• RECORD EXTRACTS:
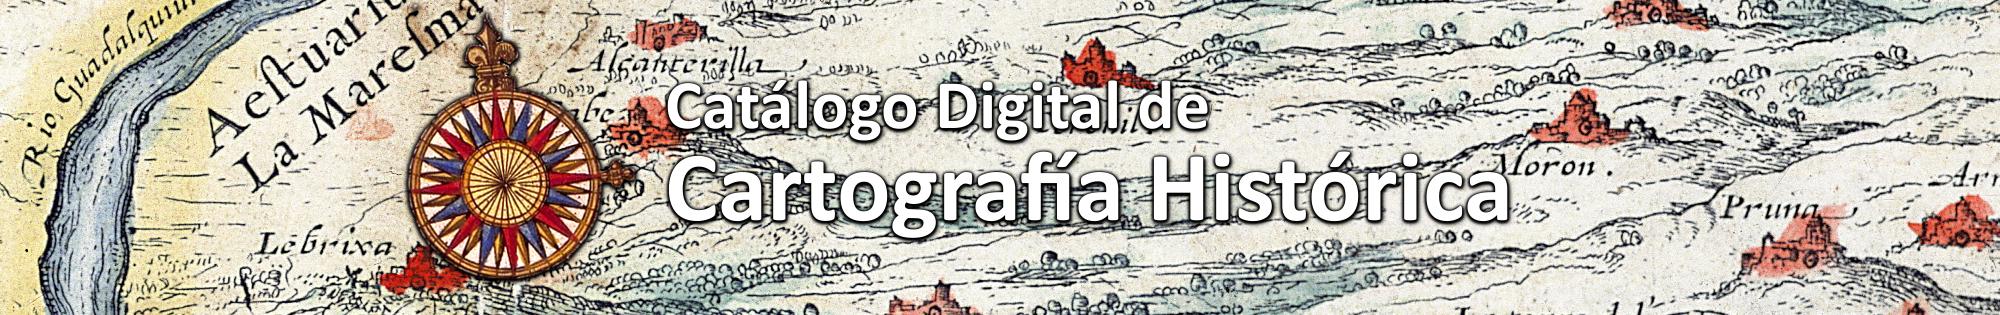 Catálogo Digital de Cartografía Histórica
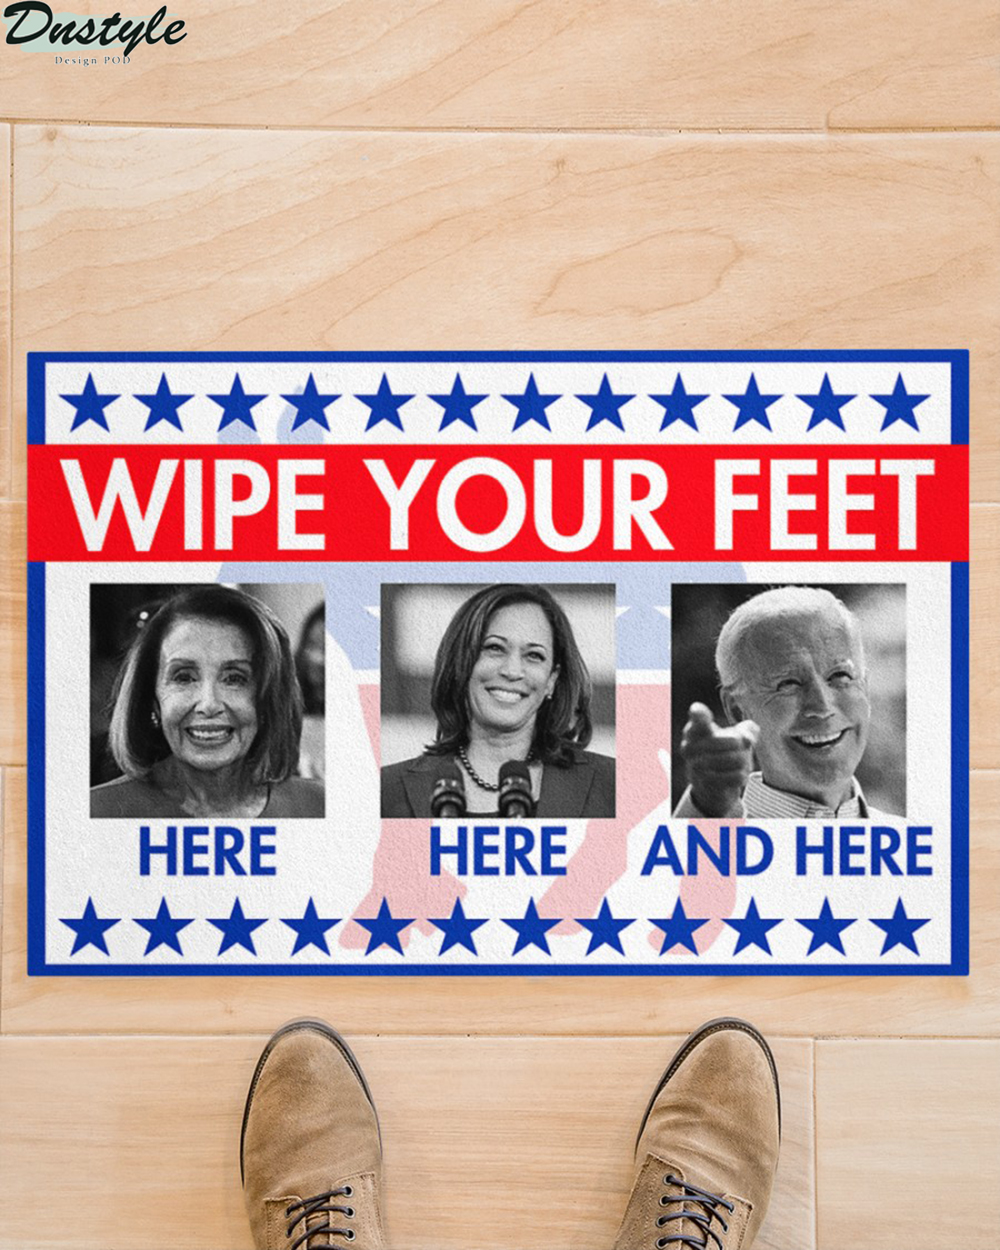 Biden and Kamala Harris wipe your feet here here and here doormat 2
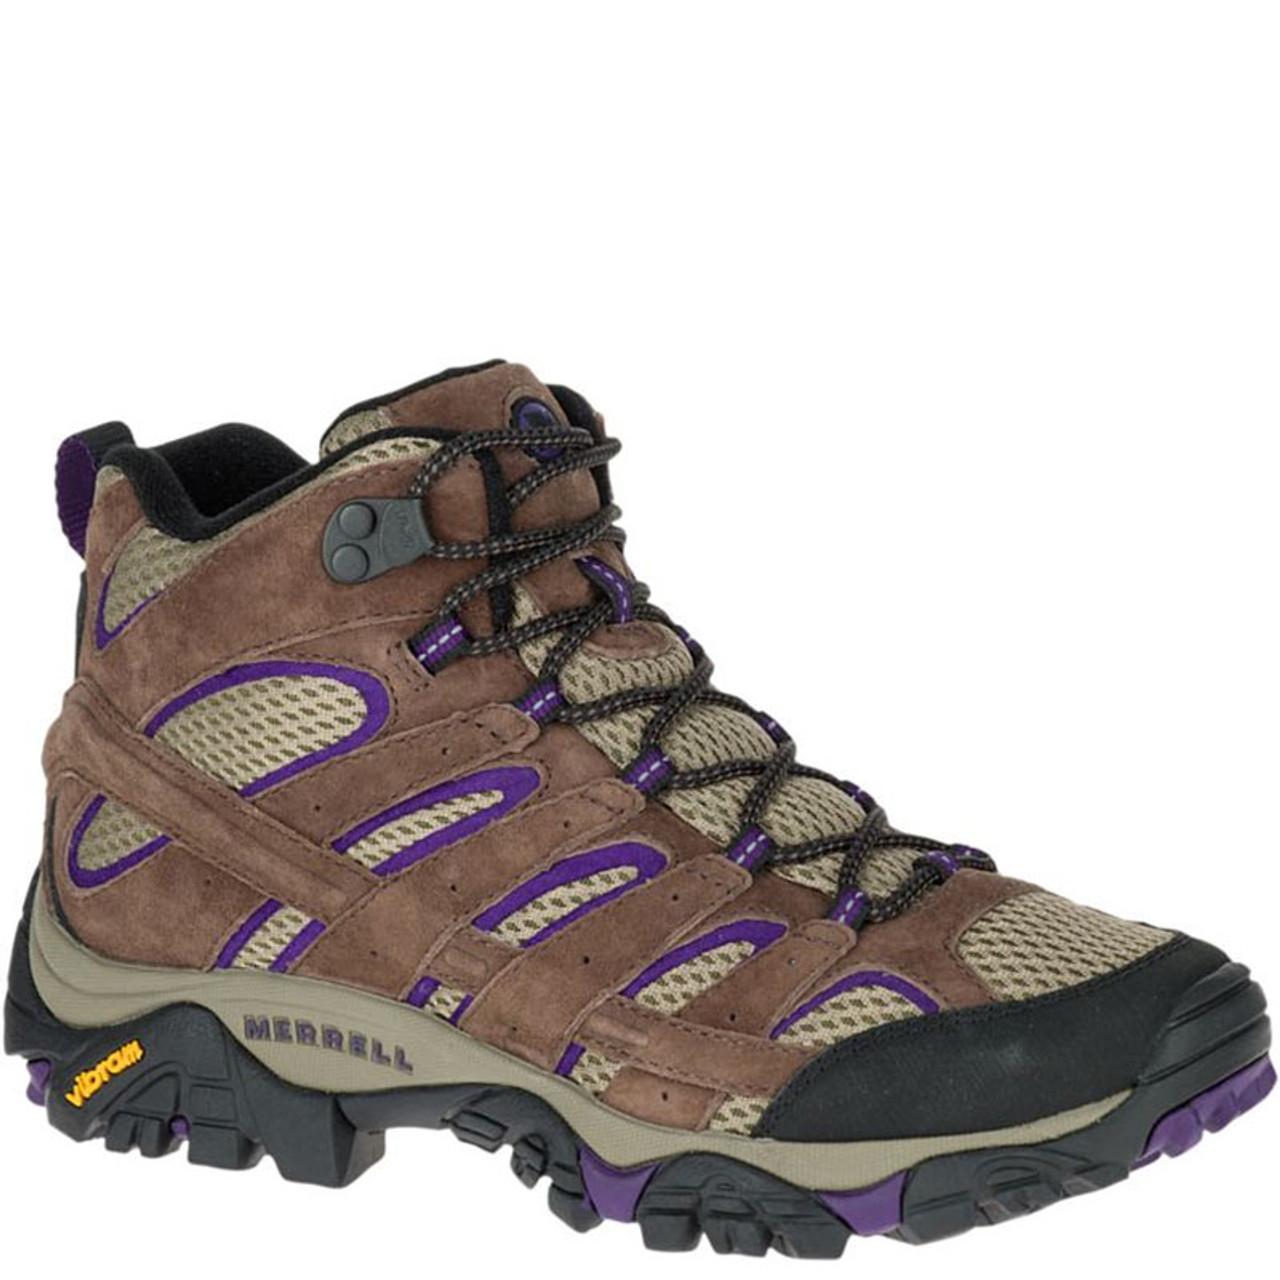 dc45e9ae Merrell J06050 Women's MOAB 2 VENTILATOR Mid Hiking Boots Bracken Purple
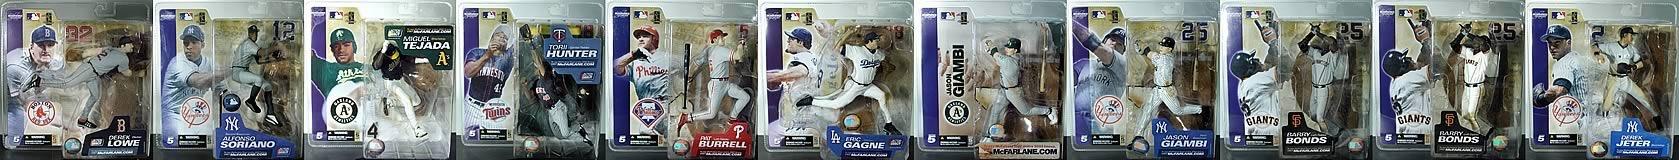 Baseball (Series 5) Figures
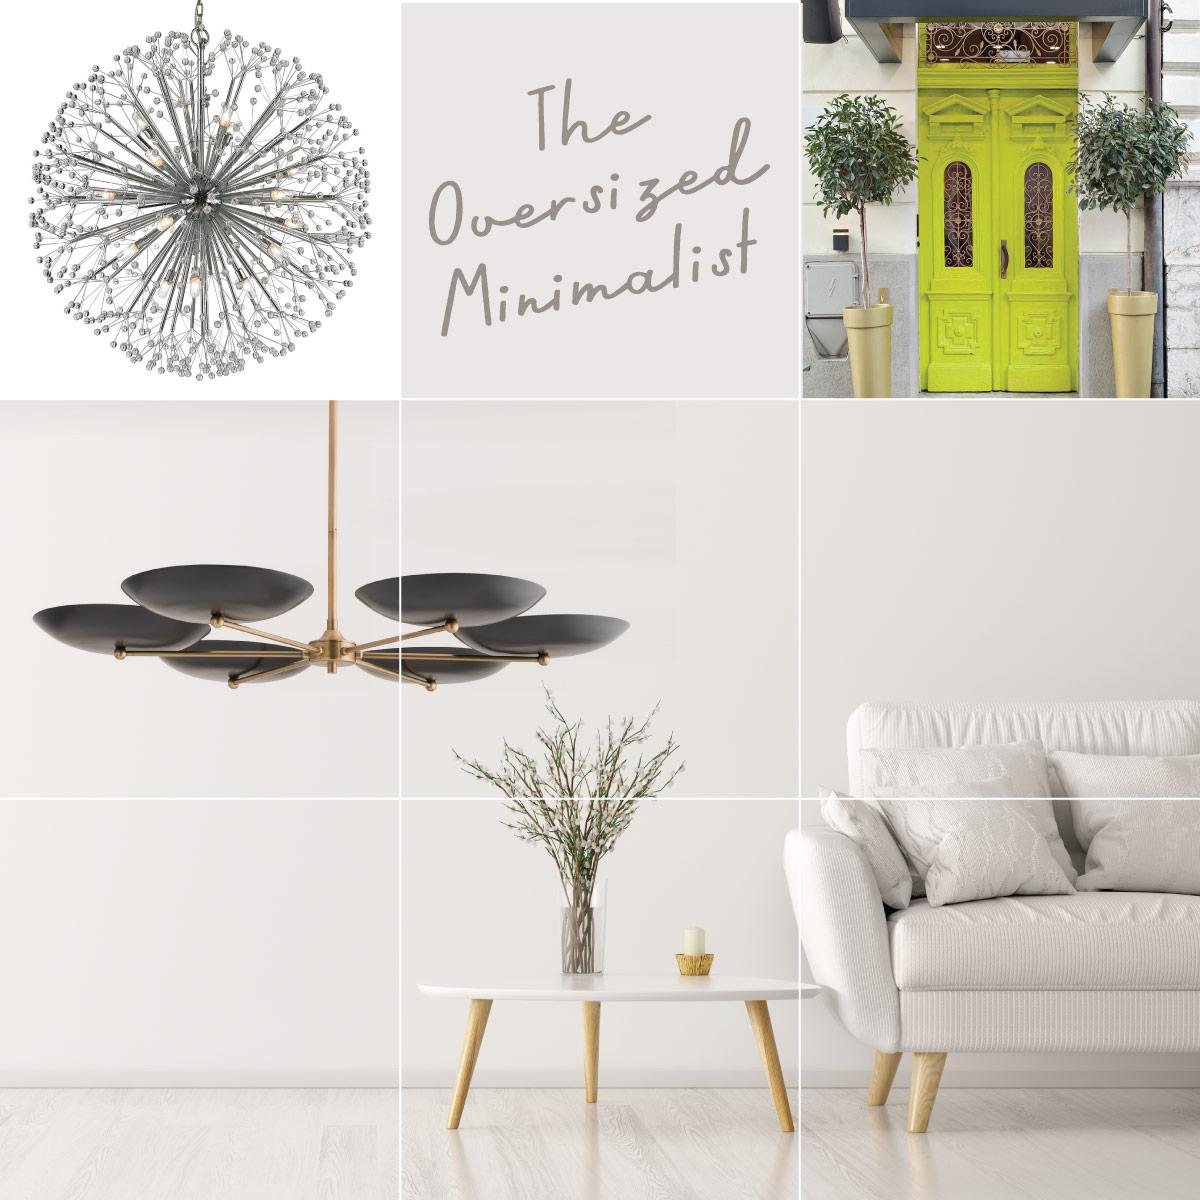 Minimalist Lighting Design

• ASSIGNED TASK: What is needed is an exact repetition of every line from the line with "Biden and Kamala" to the end of the data above, both ends included, with no pictures.

• ANSWER BELOW:
 Biden and Kamala Harris wipe your feet here here and here doormat 2
 dc45e9ae Merrell J06050 Women's MOAB 2 VENTILATOR Mid Hiking Boots Bracken Purple
 Baseball (Series 5) Figures
 Minimalist Lighting Design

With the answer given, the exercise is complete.